Der Ausblick in die Zukunft zeigt, dass sich der Leuchtenmarkt in einem historischen Umbruch befindet. LED-Technik hält überall Einzug. Cristallux ist dafür gewappnet mit neuen Designs und neuer Technik, die im eigenen Haus entwickelt wurde. Ziel ist, die neue Technik in dekorative Produkte umzuwandeln.

Für die Grundauslastung bei Cristallux sorgen Aufträge für den Bau von Kreuzfahrtschiffen in Papenburg und Turku. Cristallux ist bei sechs Schiffen in Papenburg und zwei in Turku mit Leuchten vertreten.

Thomas Schindler hob bei den Feierlichkeiten zum 50-jährigen Bestehen der Firma besonders die Mitarbeiter hervor, die sich stets für die Firma einbringen.

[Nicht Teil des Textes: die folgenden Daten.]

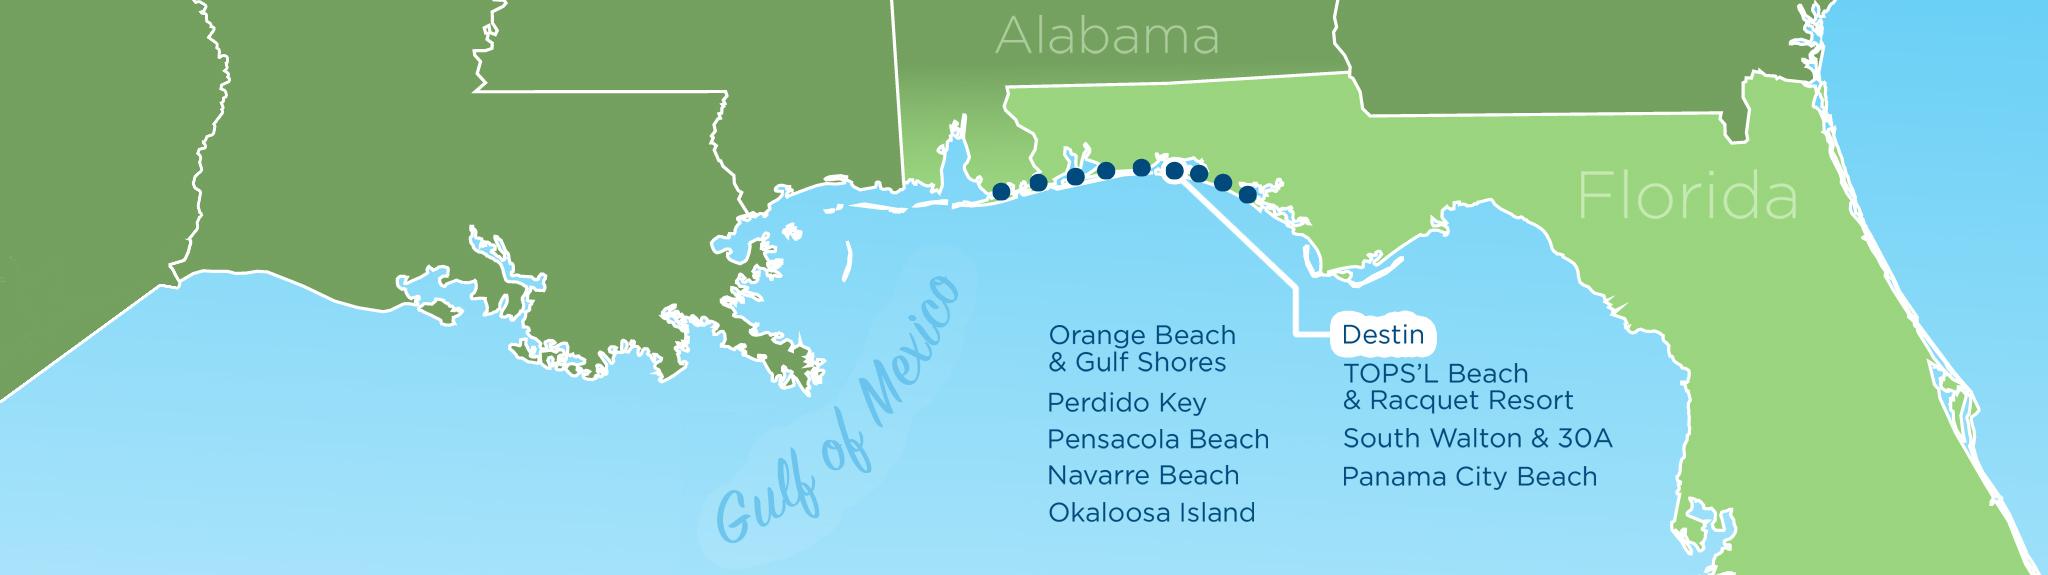 Resortquest Real Estate | Nw Fl & Al Gulf Coast Condos And Homes For - Gulf Shores Florida Map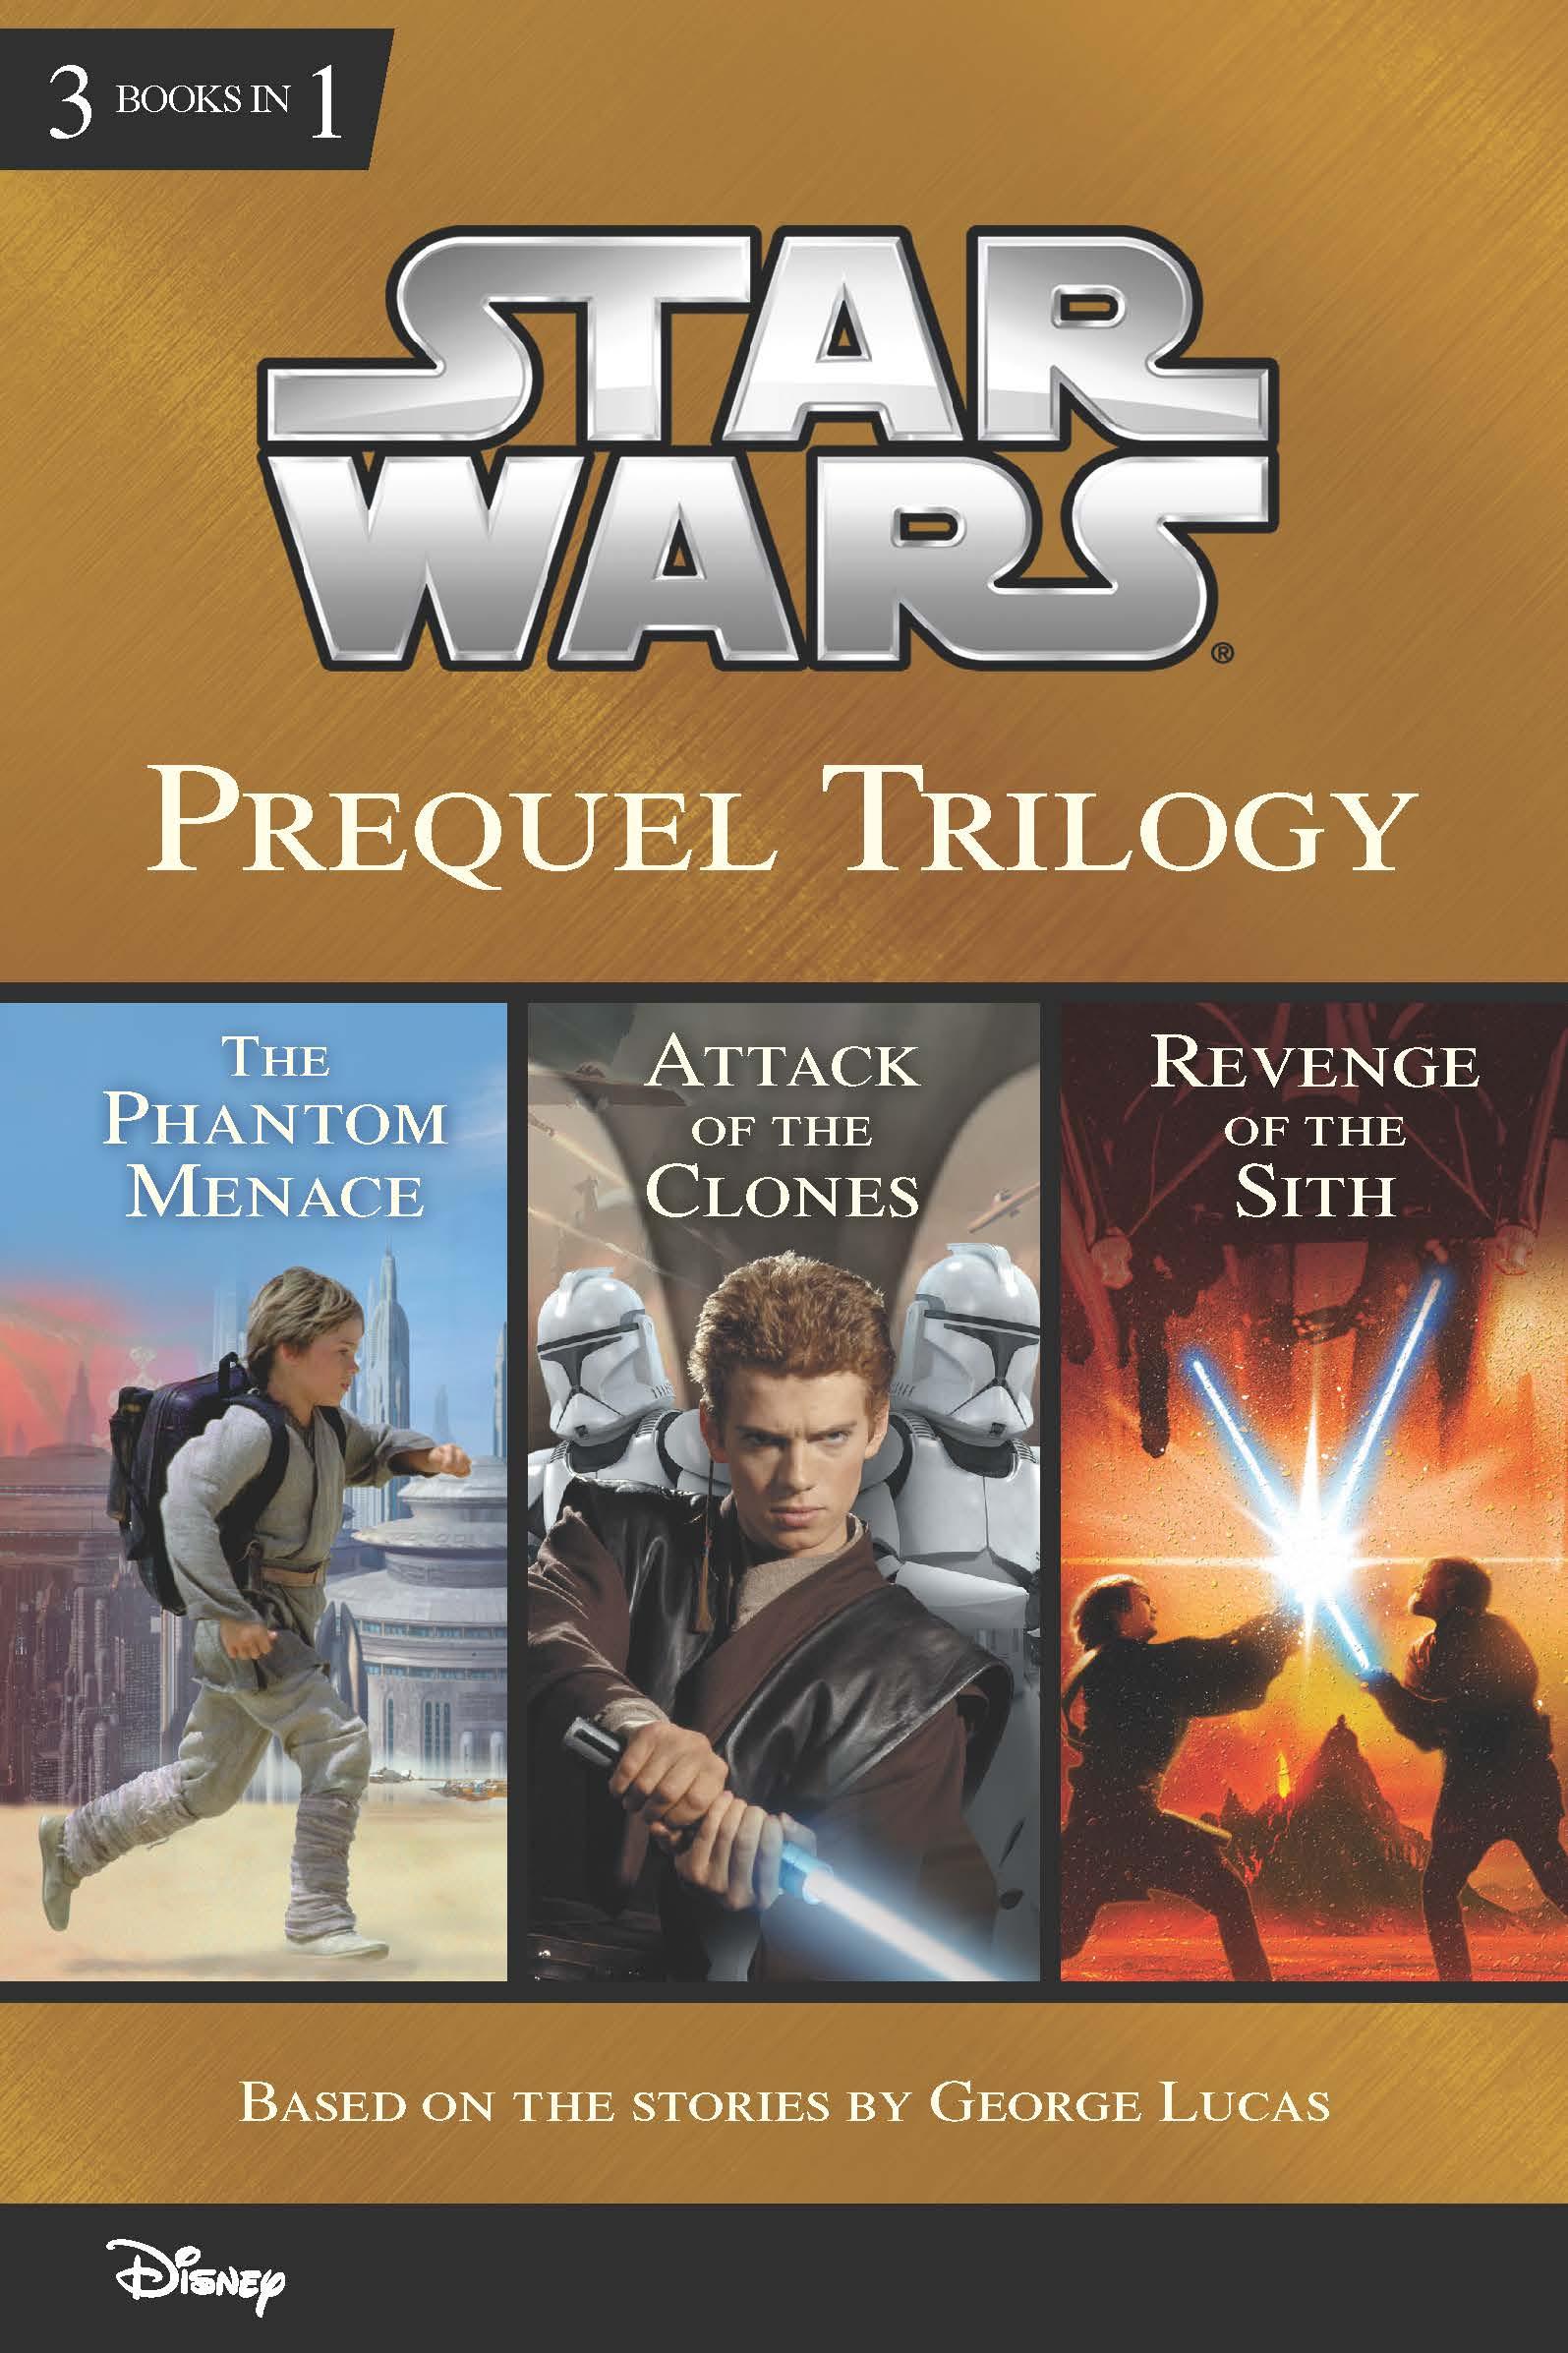 Star Wars Prequel Trilogy Disney Books Disney Publishing Worldwide

Er erwähnte stellvertretend für alle anderen Frau Goldschmid, die bereits seit 1977 zur Cristallux-Familie gehört, und den Steuerberater Herrn Haaga, der bereits seit der Ära Horst und Lydia Schindler ein Teil des Teams ist. Herr Müller, Betriebsrat und der Mann für die Verwaltung, ist seit 1993 bei Cristallux, Meister Chukwu seit 1995 und der technische Betriebsleiter Herr Rohloff, der auch für die Auszubildenden zuständig ist, seit 2000.